Because of the difficulties of obtaining information about all units in a population, it is common to use a small, representative subset of the population, called a sample . An actual value of a population variable (for example, number of tortoises, average weight of all tortoises, etc.) is called a parameter . An estimate of a parameter derived from a sample is called a statistic .
Whenever a sample is used instead of the entire population , we have to accept that our results are merely estimates , and therefore, have some chance of being incorrect. This is called sampling error .
Guided Practice
For each of the following variables, indicate whether the variable is categorical or quantitative (numerical).
a. Importance of political party affiliation to people (very, somewhat, or not very important).
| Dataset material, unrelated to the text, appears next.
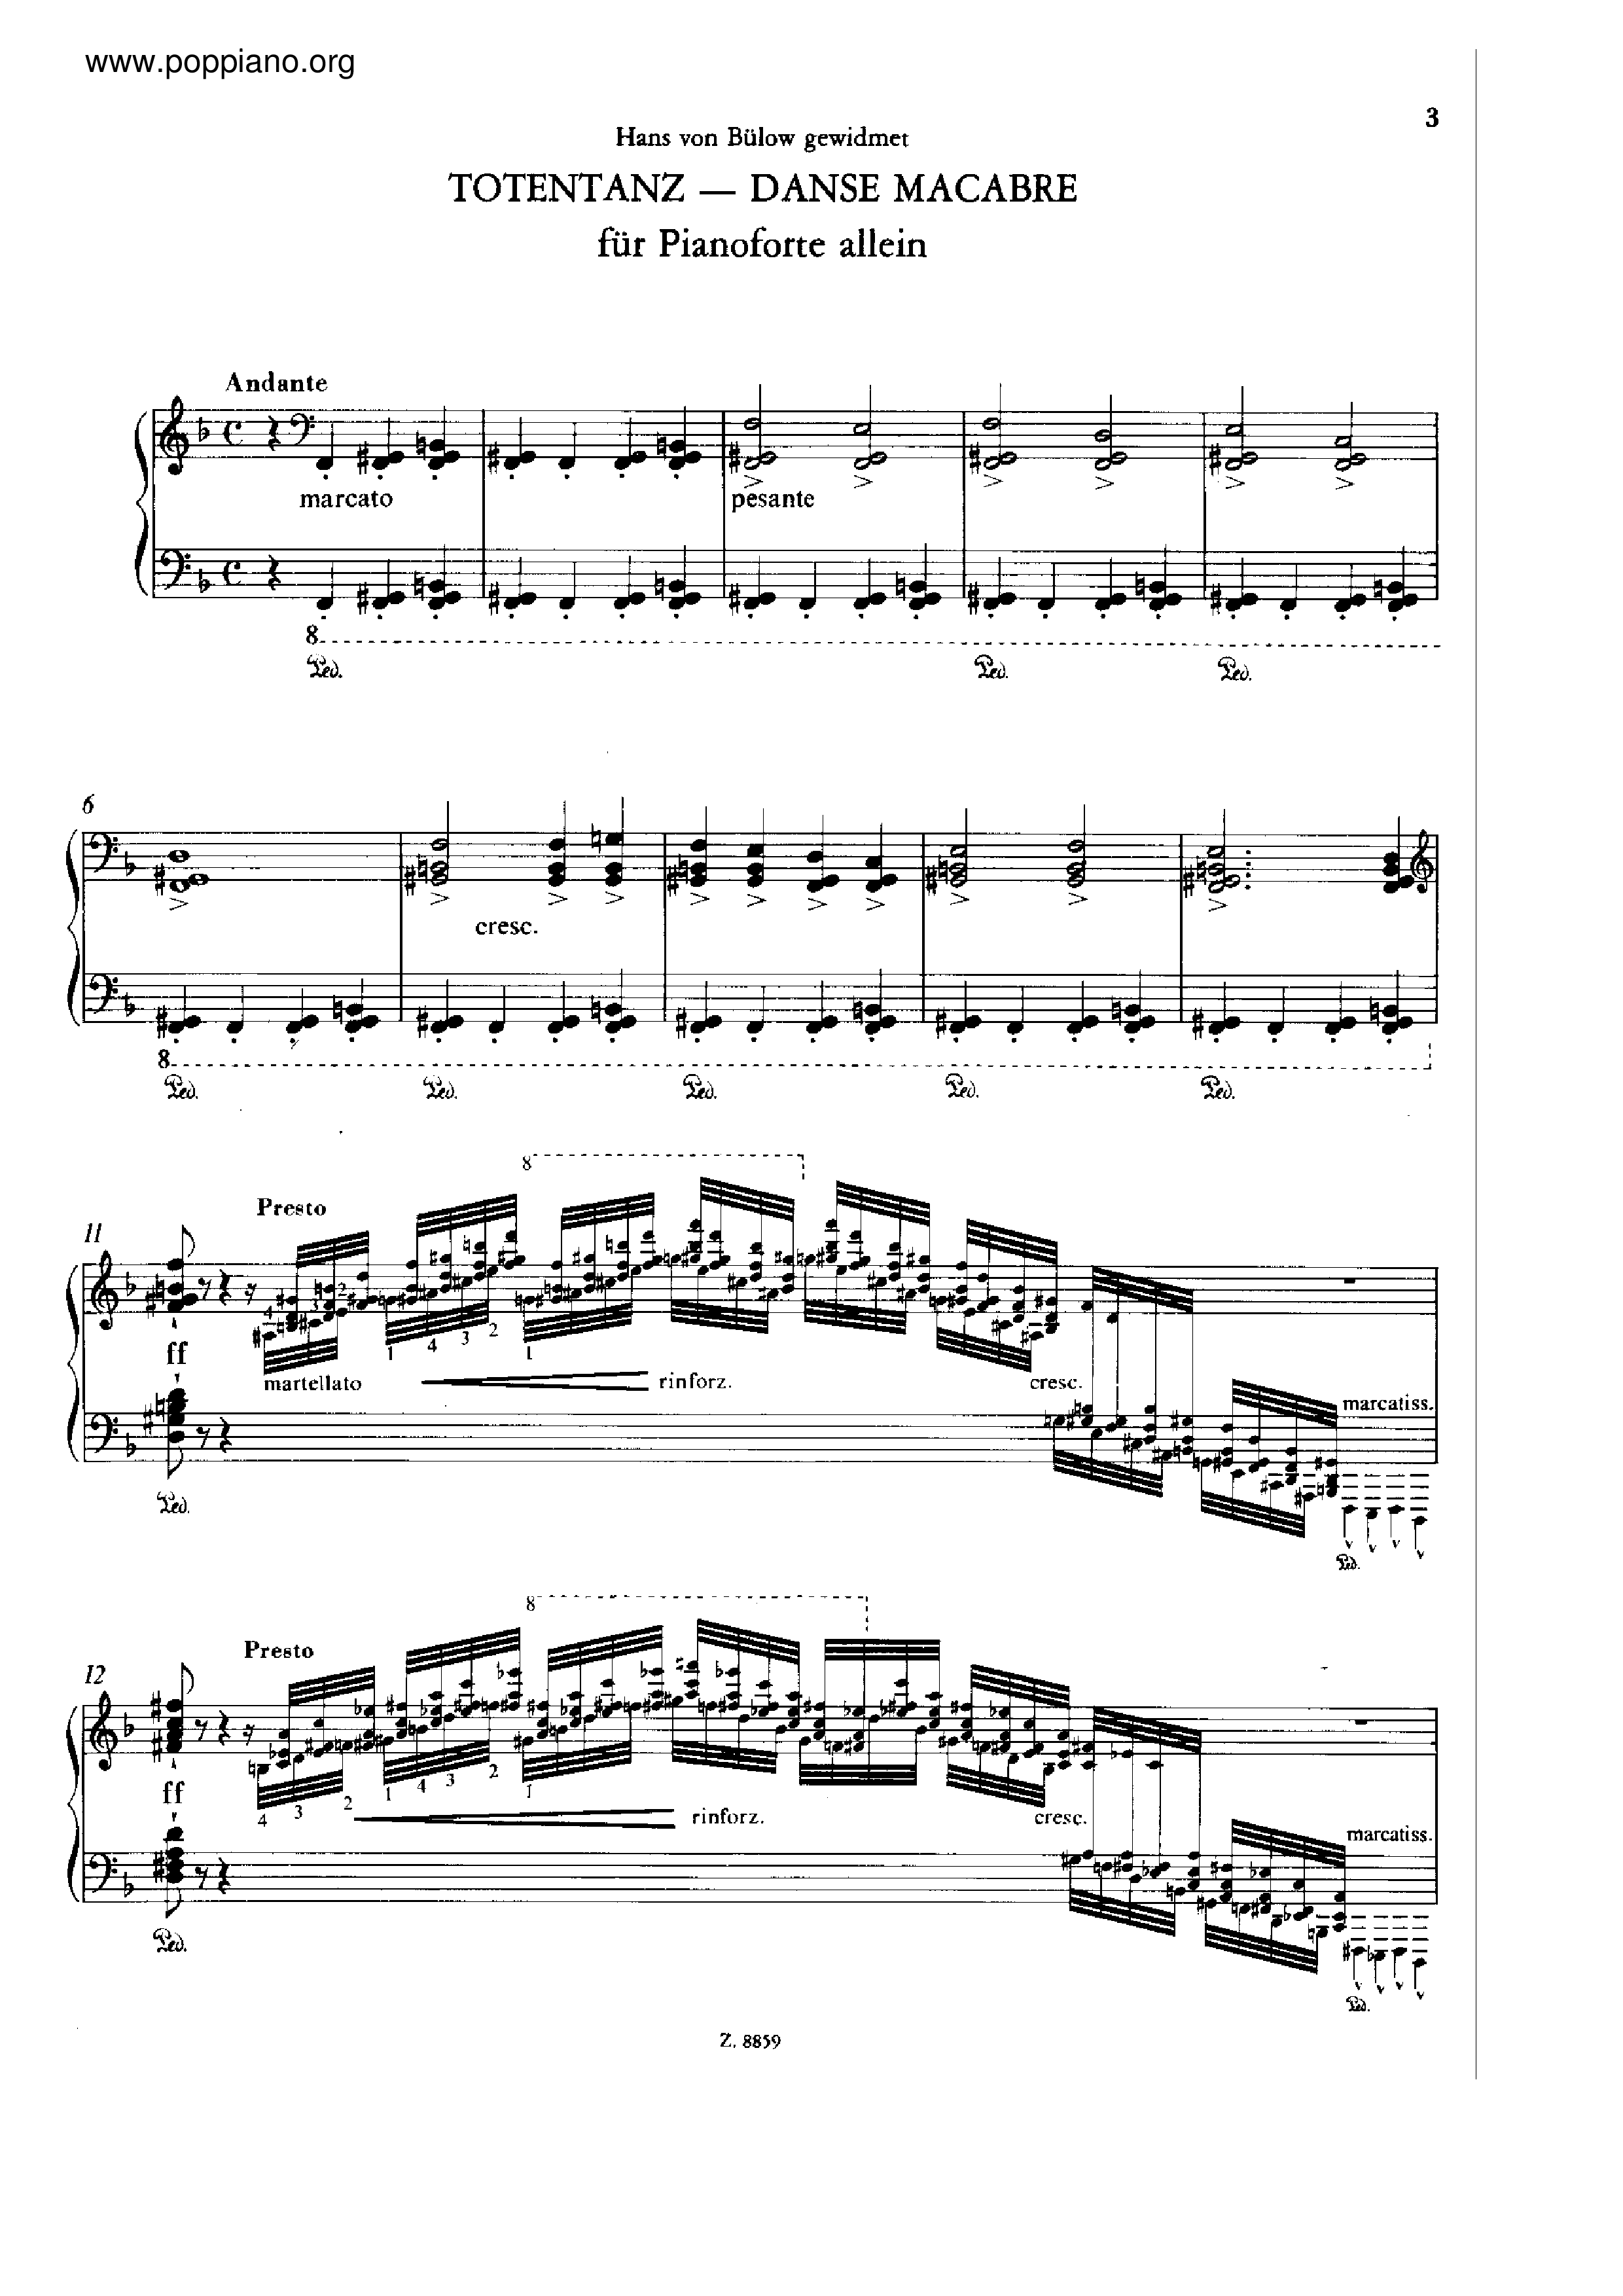 Totentanz, Solo piano, S.525 Score

b. Hours spent reading yesterday.
c. Weights of adult men, in pounds.
d. Favorite type of book (fiction, nonfiction).
Solutions:
a. This is categorical data because the information collected will fall into one of the three categories: very, somewhat, or not very important.
b. This is measured by numbers of hours, so it is quantitative data.
c. This is measured in pounds, so it is quantitative data.
d. This is categorical data because the information collected will fall into one of the many categories: fiction, nonfiction, et cetera.
Practice
For 1-3, identify the population, the units, and each variable, and tell if the variable is categorical or quantitative.
- A quality control worker with Sweet-Tooth Candy weighs every candy bar to make sure it is very close to the published weight.
- Doris decides to clean her sock drawer out and sorts her socks into piles by color.
- A researcher is studying the effect of a new drug treatment for diabetes patients. She performs an experiment on 200 randomly chosen individuals with type II diabetes. Because she believes that men and women may respond differently, she records each person’s gender, as well as the person's change in blood sugar level after taking the drug for a month.
For 4-6, indicate for each of the following characteristics of an individual whether the variable is categorical or quantitative (numerical):
- Length of arm from elbow to shoulder (in inches)
- Number of DVD’s the person owns.
- Feeling about own height (too tall, too short, about right)
- In Physical Education class, the teacher has the students count off by two’s to divide them into teams. Is this a categorical or quantitative variable?
- A school is studying its students' test scores by grade. Explain how the characteristic 'grade' could be considered either a categorical or a numerical variable.
- What are the best ways to display categorical and numerical data?
- Is it possible for a variable to be considered both categorical and numerical?
- How can you compare the effects of one categorical variable on another or one quantitative variable on another?